Most telematics pricing in the UK is outsourced. The insurer installs a black box or deploys an app, the data goes to Octo Telematics, Cambridge Mobile Telematics (CMT), or The Floow, and a pre-computed driver score comes back via API. The pricing team uses the score as a single rating factor. They cannot inspect the algorithm, challenge the feature weights, tune the cut-off thresholds, or connect the score to their own claims experience in any methodologically principled way. The score is a number. They trust it, or they do not, and either way they cannot do anything about it.

Teams with raw sensor data — 1Hz GPS and accelerometer readings from their own app — fare somewhat better on paper, but in practice they have no Python tooling to process it.

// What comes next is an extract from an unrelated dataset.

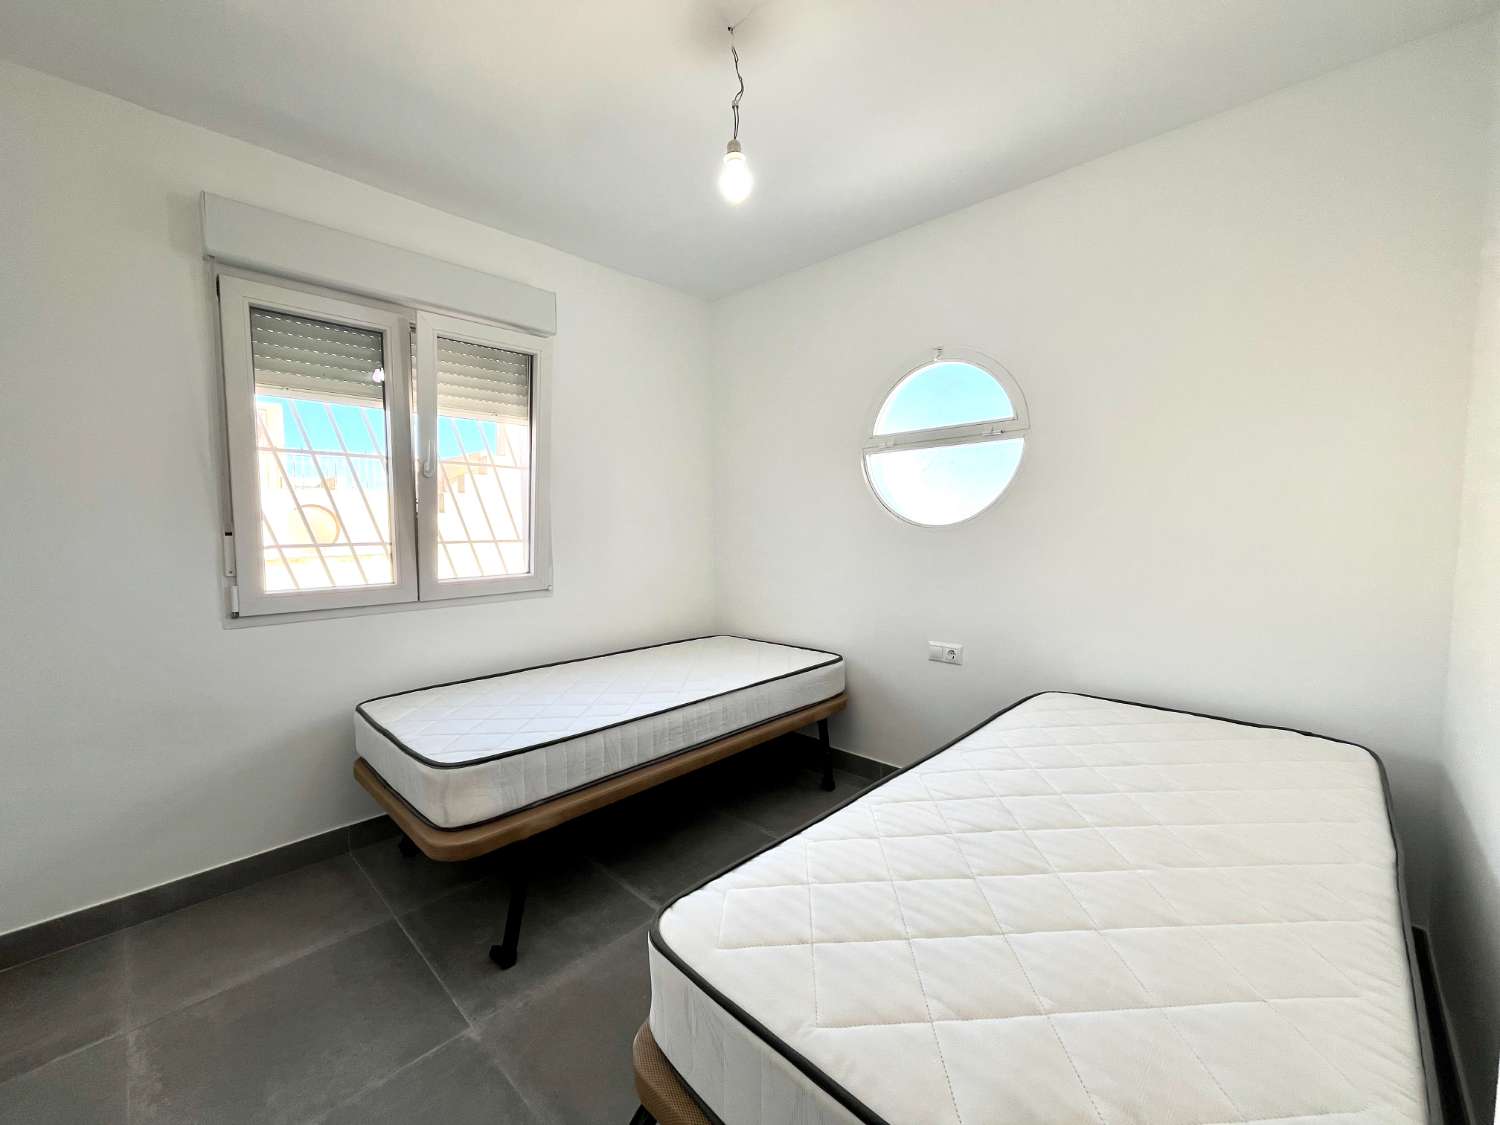 Komplett renovierte Maisonette mit 3 Schlafzimmern, 1 Badezimmer mit Solarium

The academic literature on telematics pricing is rich: Wüthrich (2017, EAJ) established speed-acceleration heatmaps as the foundational feature space, Gao, Wang & Wüthrich (2021, Machine Learning) showed that combined actuarial neural networks (CANN) integrating both traditional and telematics features outperform either alone, and Jiang & Shi (2024, NAAJ) built a discrete-time HMM framework that classifies trips by latent driving state and estimates long-run loss exposure from the stationary distribution. None of them released production-quality code.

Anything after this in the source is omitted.